P5047 [Ynoi2019 模拟赛] Yuno loves sqrt technology II 题解
题目链接:Yuno loves sqrt technology II
很早以前觉得还挺难的一题。本质就是莫队二次离线,可以参考我这篇文章的讲述莫队二次离线 P5501 [LnOI2019] 来者不拒,去者不追 题解 。
注意到左右两边莫队的端点移动,贡献效果是不一样的:
-
\(r \rightarrow r+1\),会增加 \([l,r]\) 上比它大的数。
-
\(l \rightarrow l-1\),会增加 \([l,r]\) 上比它小的数。
所以我们拆分成 \([1,r]\) 上比 \(a_{当前} \ 大/小\) 的数的数量去减去 \([1,l-1]\) 上比 \(a_{当前} \ 大/小\) 的数的数量。然后很显然,就是经典的莫二套路了,一个用扫描线 \(+\) 值域分块来算,一个预处理来算。

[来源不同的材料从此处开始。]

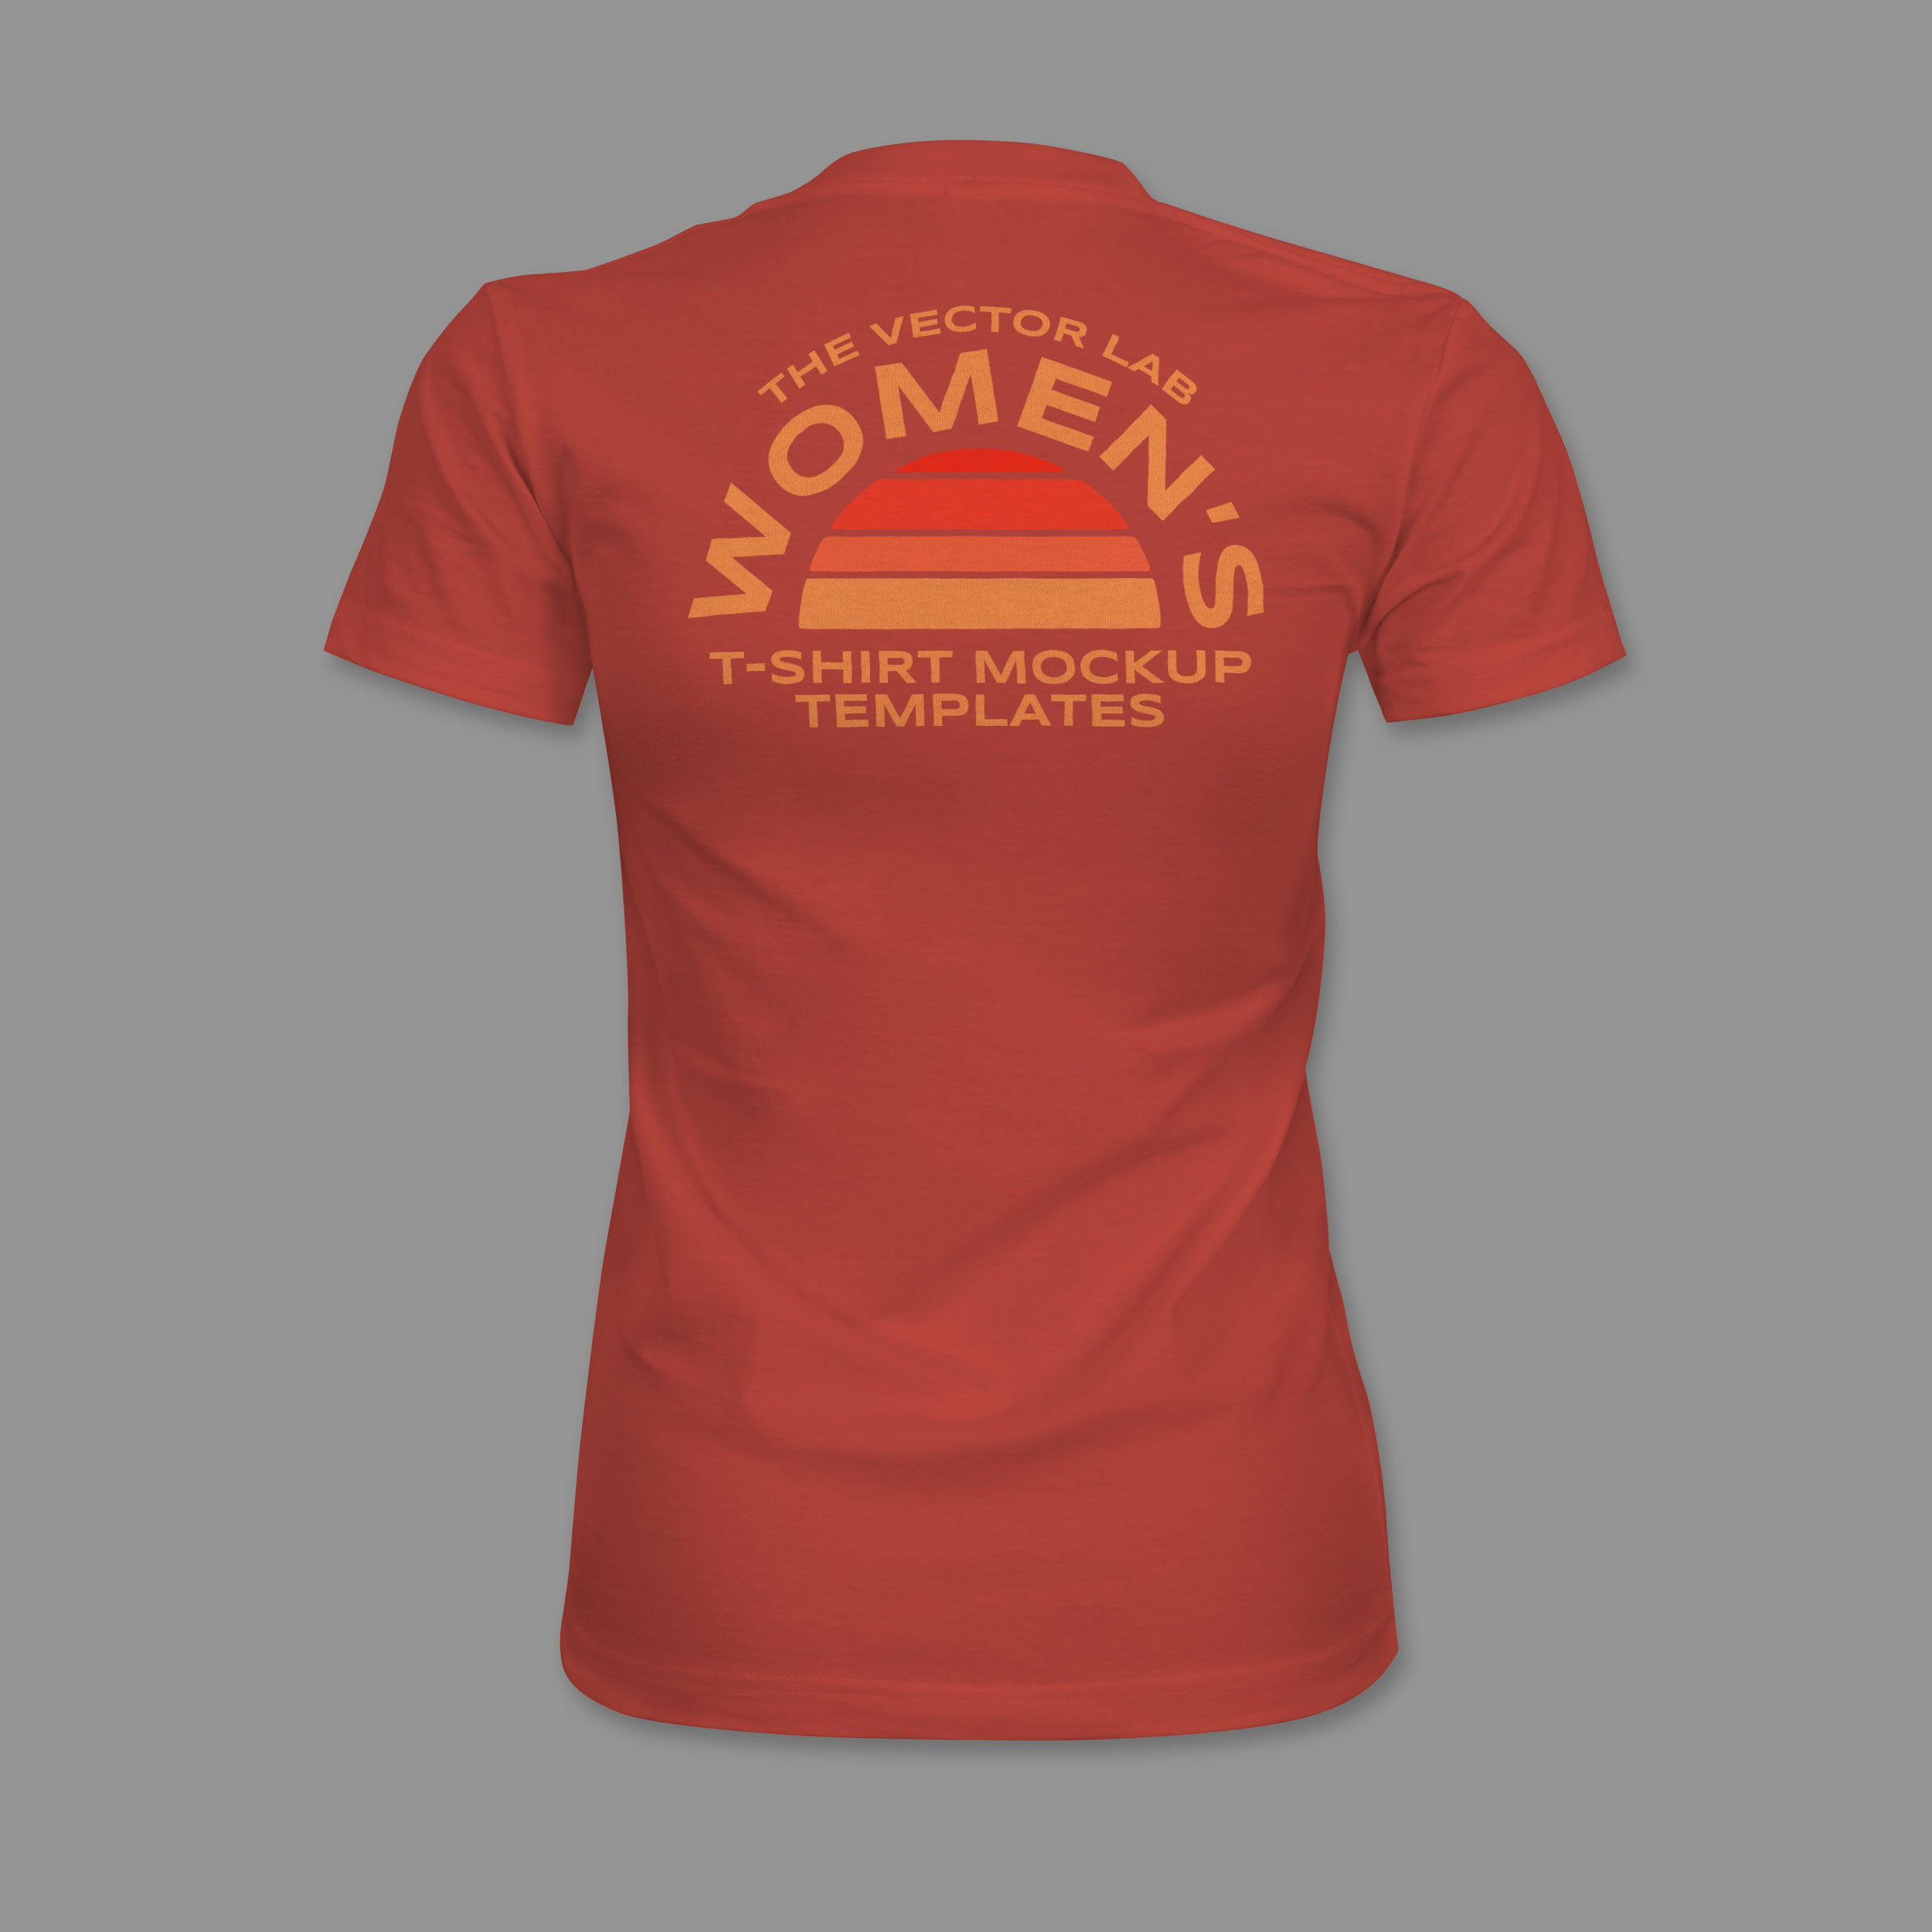 Women's T-Shirt Mockup Templates - Illustrator

所以我们需要维护一波树状数组预处理出每个点对前缀区间的逆序对贡献情况,然后判断的时候,左端点的移动是看比它小的值数量,而右端点的移动则是更大值数量。至于如何查找,首先我们先查找出 \(\ge x\) 的数量,然后直接用当前区间的数量减去它得到比它小的数量,而大于的数量,只需要减去重复相等的数量即可,开个桶维护就行,记得离散化,剩余见代码注释即可。
参照代码
#include <bits/stdc++.h>
//#pragma GCC optimize("Ofast,unroll-loops")
#define isPbdsFile
#ifdef isPbdsFile
#include <bits/extc++.h>
#else
#include <ext/pb_ds/priority_queue.hpp>
#include <ext/pb_ds/hash_policy.hpp>
#include <ext/pb_ds/tree_policy.hpp>
#include <ext/pb_ds/trie_policy.hpp>
#include <ext/pb_ds/tag_and_trait.hpp>
#include <ext/pb_ds/hash_policy.hpp>
#include <ext/pb_ds/list_update_policy.hpp>
#include <ext/pb_ds/assoc_container.hpp>
#include <ext/pb_ds/exception.hpp>
#include <ext/rope>
#endif
using namespace std;
using namespace __gnu_cxx;
using namespace __gnu_pbds;
typedef long long ll;
typedef long double ld;
typedef pair<int, int> pii;
typedef pair<ll, ll> pll;
typedef tuple<int, int, int> tii;
typedef tuple<ll, ll, ll> tll;
typedef unsigned int ui;
typedef unsigned long long ull;
typedef __int128 i128;
#define hash1 unordered_map
#define hash2 gp_hash_table
#define hash3 cc_hash_table
#define stdHeap std::priority_queue
#define pbdsHeap __gnu_pbds::priority_queue
#define sortArr(a, n) sort(a+1,a+n+1)
#define all(v) v.begin(),v.end()
#define yes cout<<"YES"
#define no cout<<"NO"
#define Spider ios_base::sync_with_stdio(false);cin.tie(nullptr);cout.tie(nullptr);
#define MyFile freopen("..\\input.txt", "r", stdin),freopen("..\\output.txt", "w", stdout);
#define forn(i, a, b) for(int i = a; i <= b; i++)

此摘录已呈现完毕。